Task statement: Keep the text of the data exactly as it is and omit each picture from the copy.

Collected material:
Segment Open
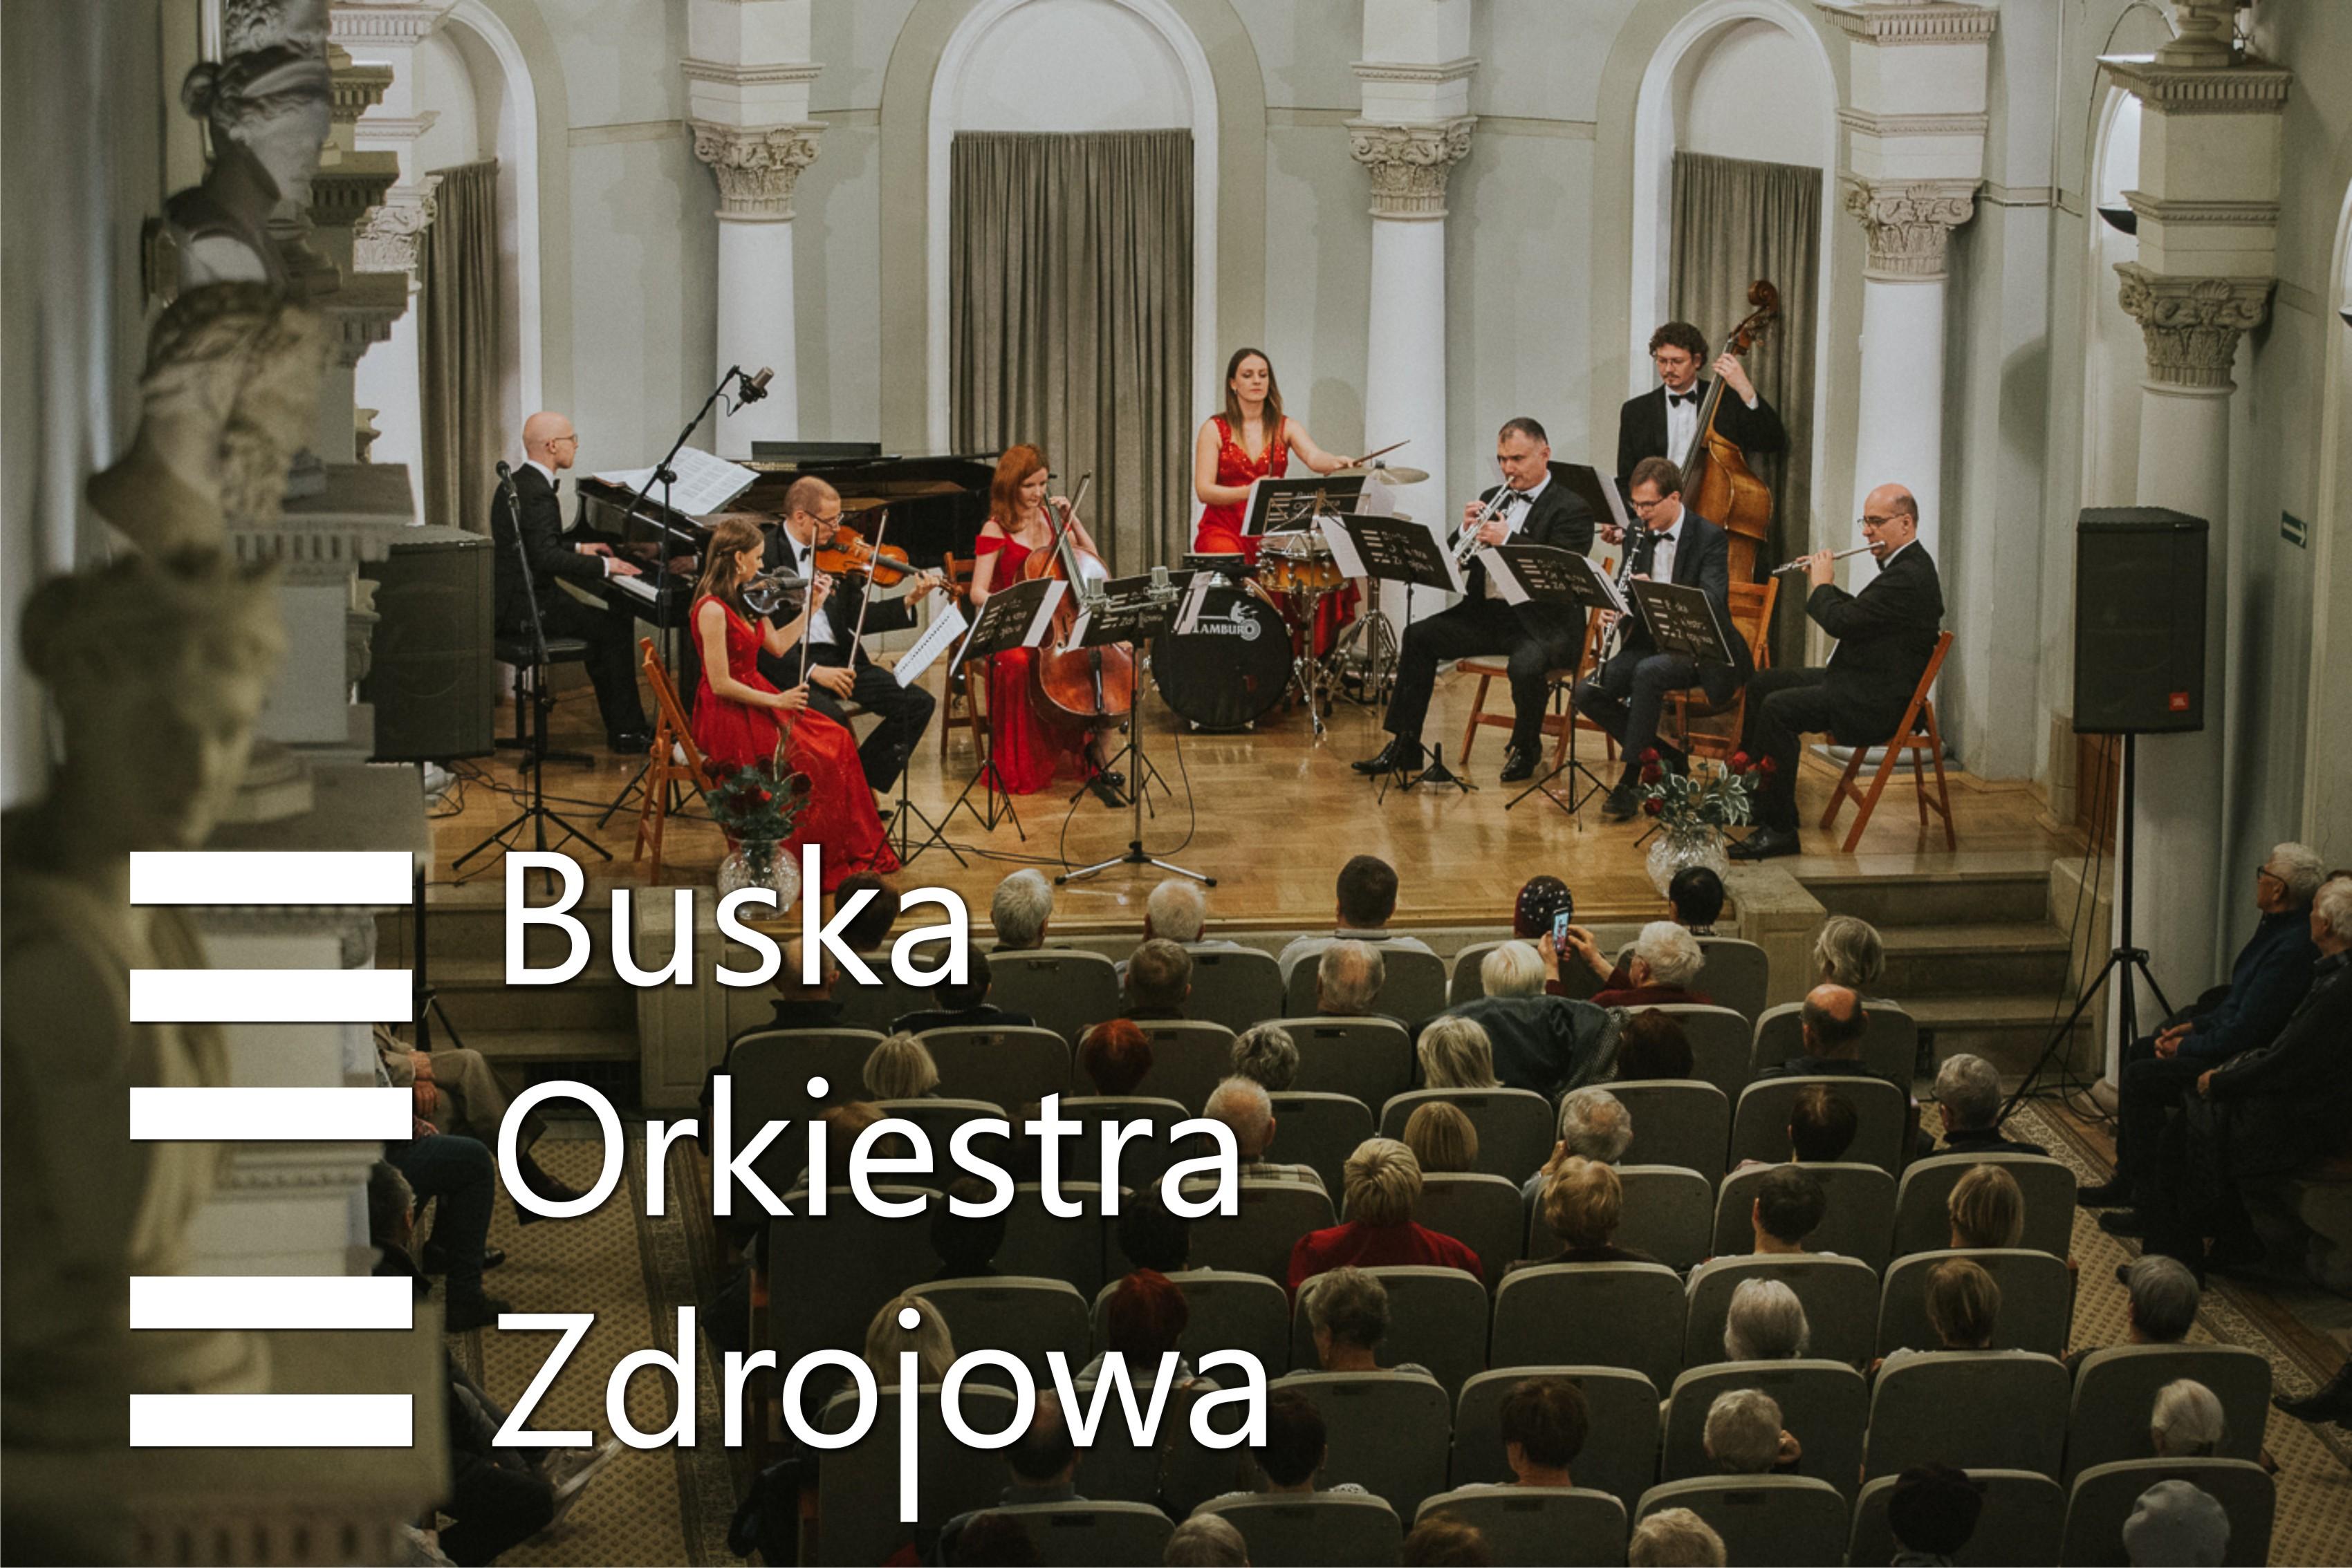 Buska Orkiestra Zdrojowa
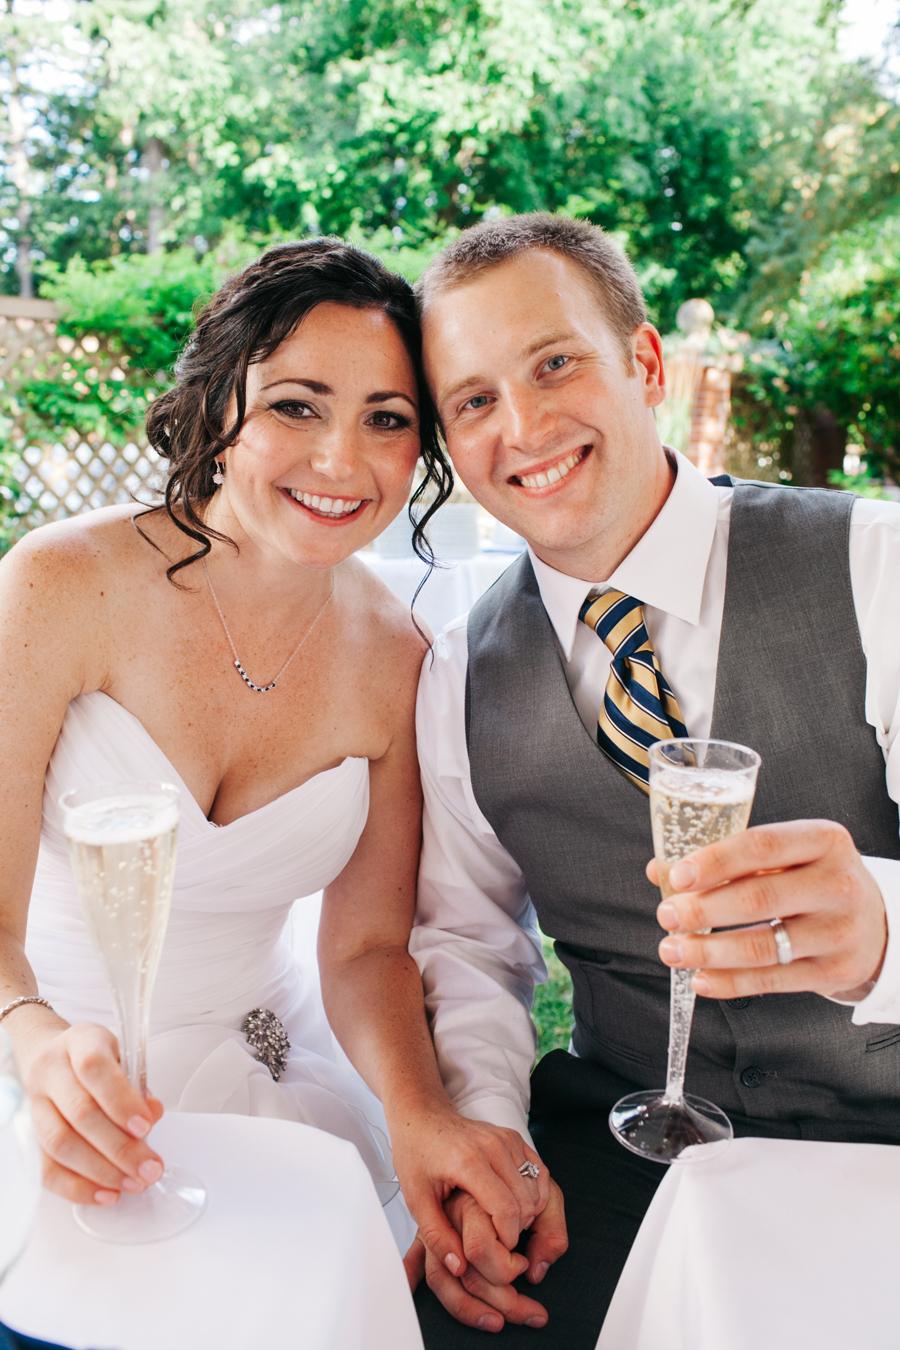 087-lairmont-manor-bellingham-washington-wedding-katheryn-moran-photography.jpg
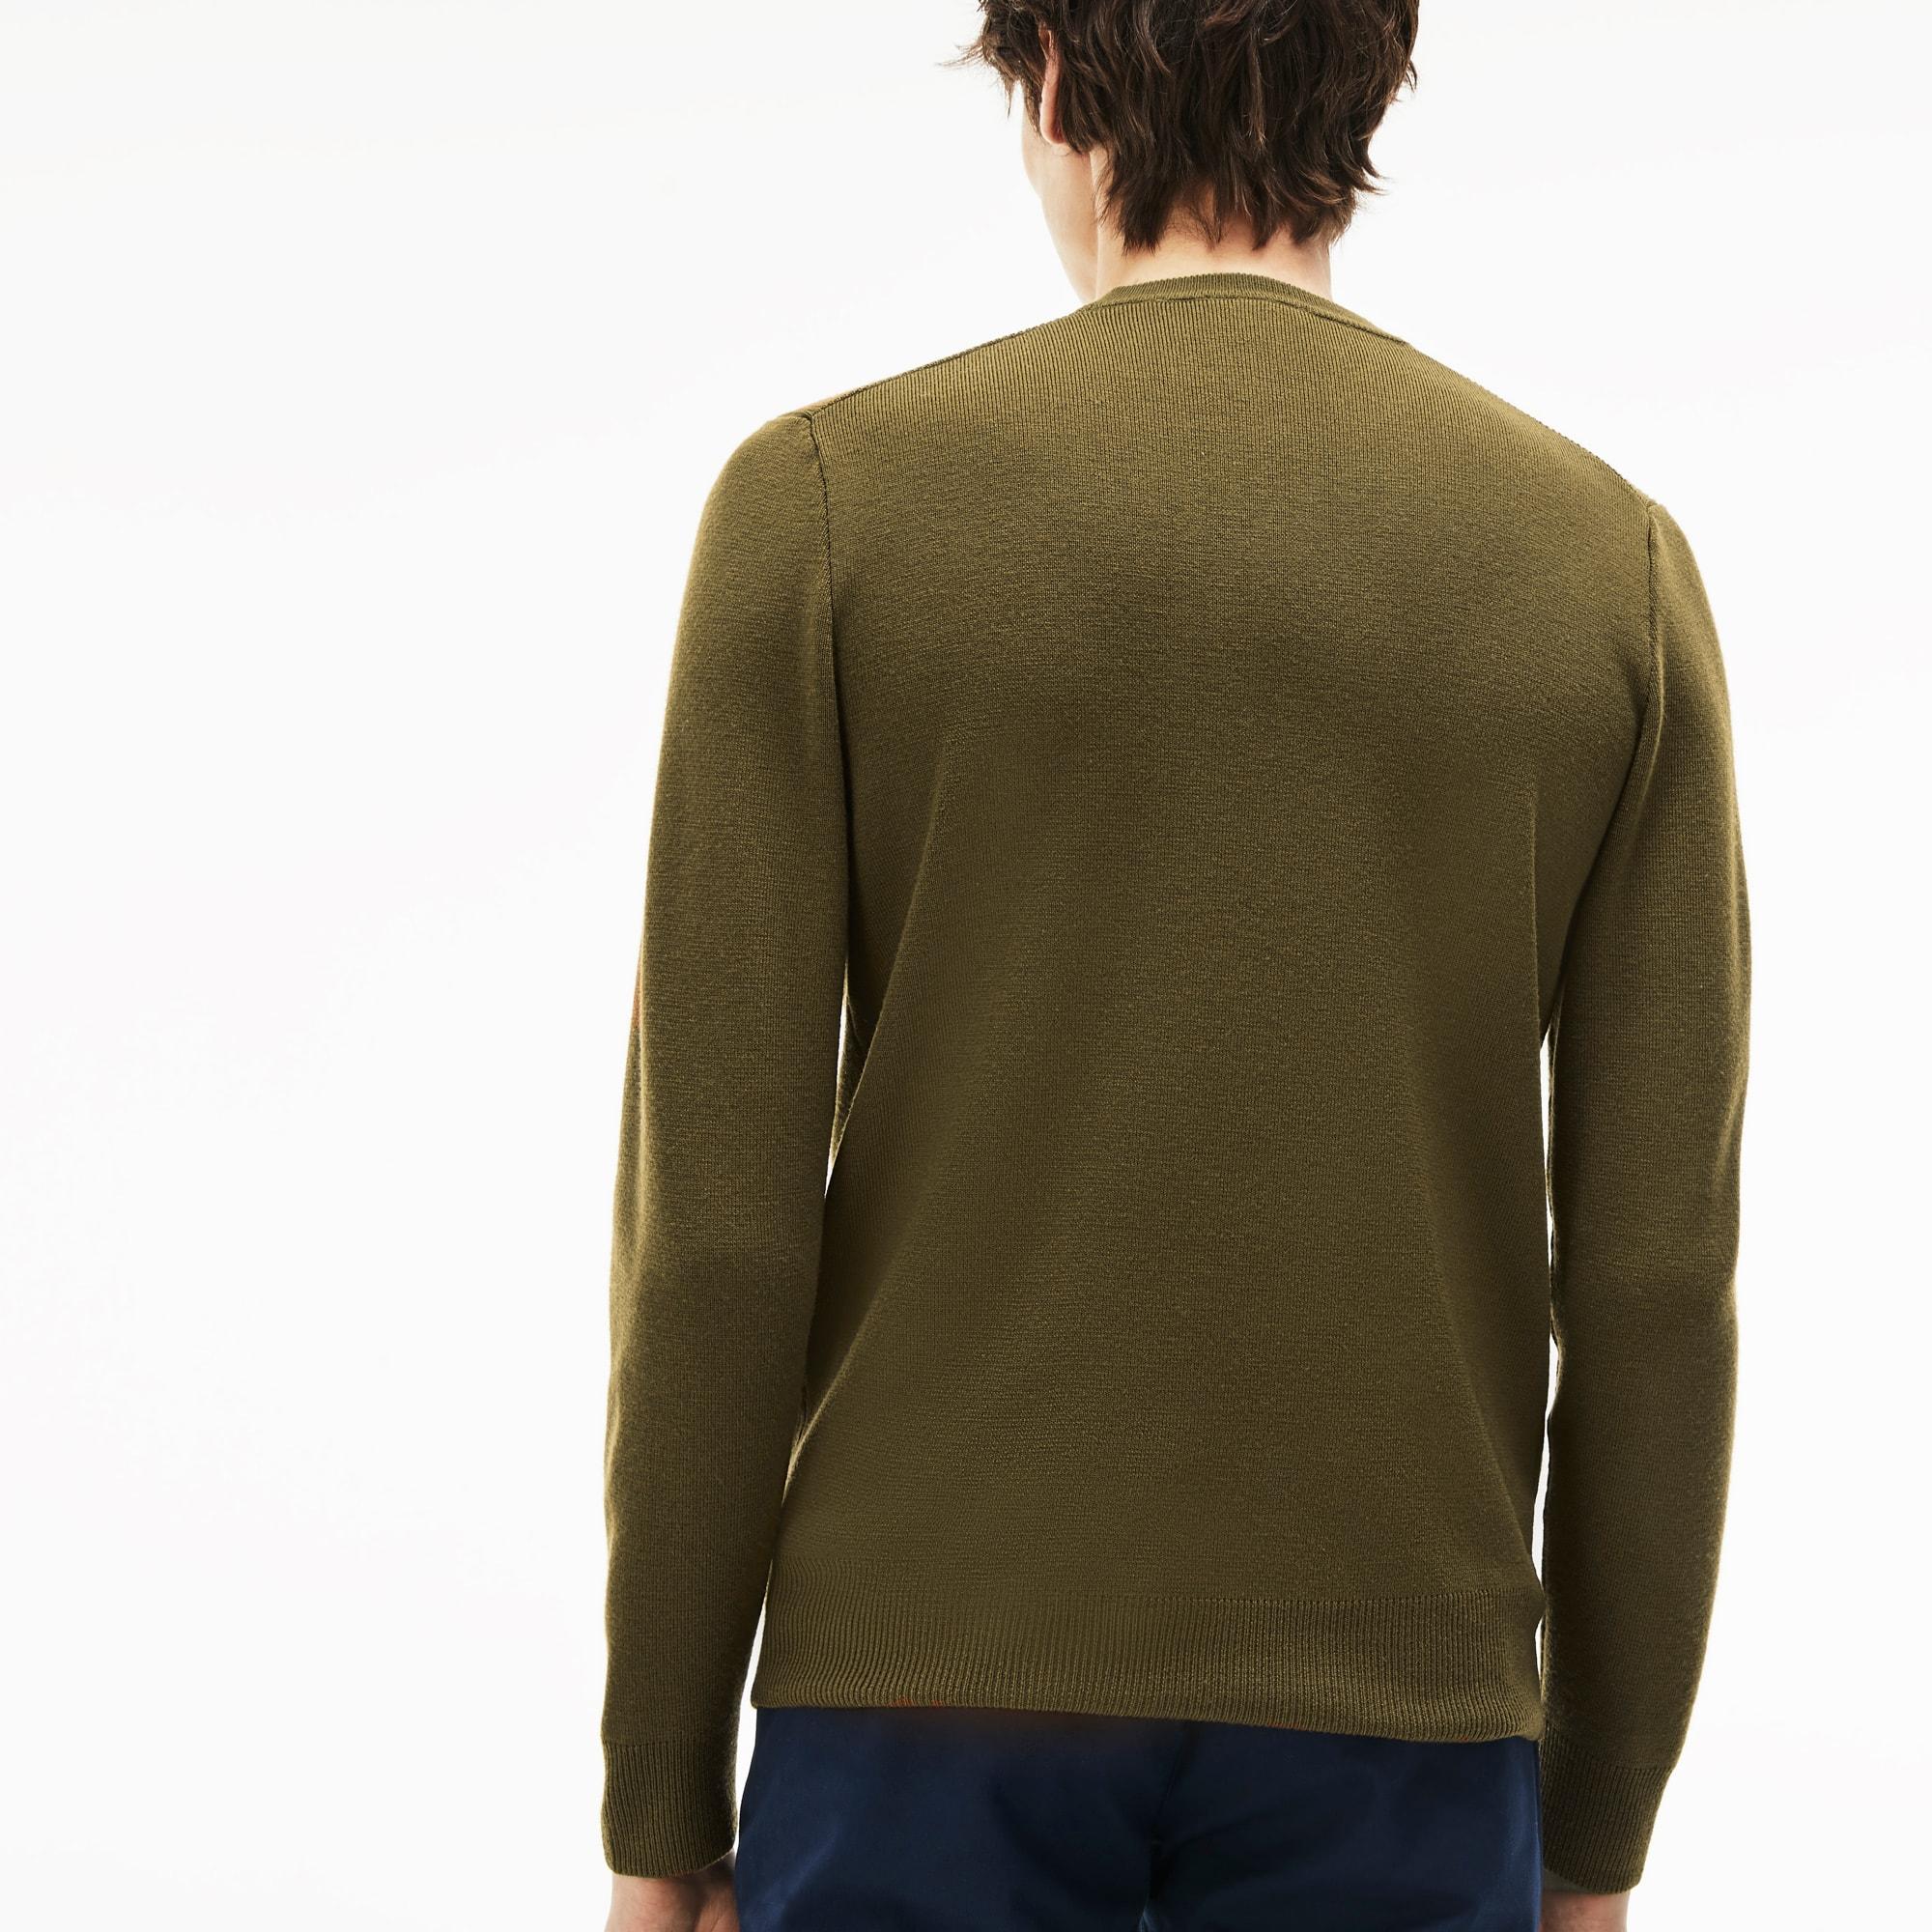 男士圆领科技针织毛衣
Segment Closed
Problem solution:
 Buska Orkiestra Zdrojowa
 087-lairmont-manor-bellingham-washington-wedding-katheryn-moran-photography.jpg
 男士圆领科技针织毛衣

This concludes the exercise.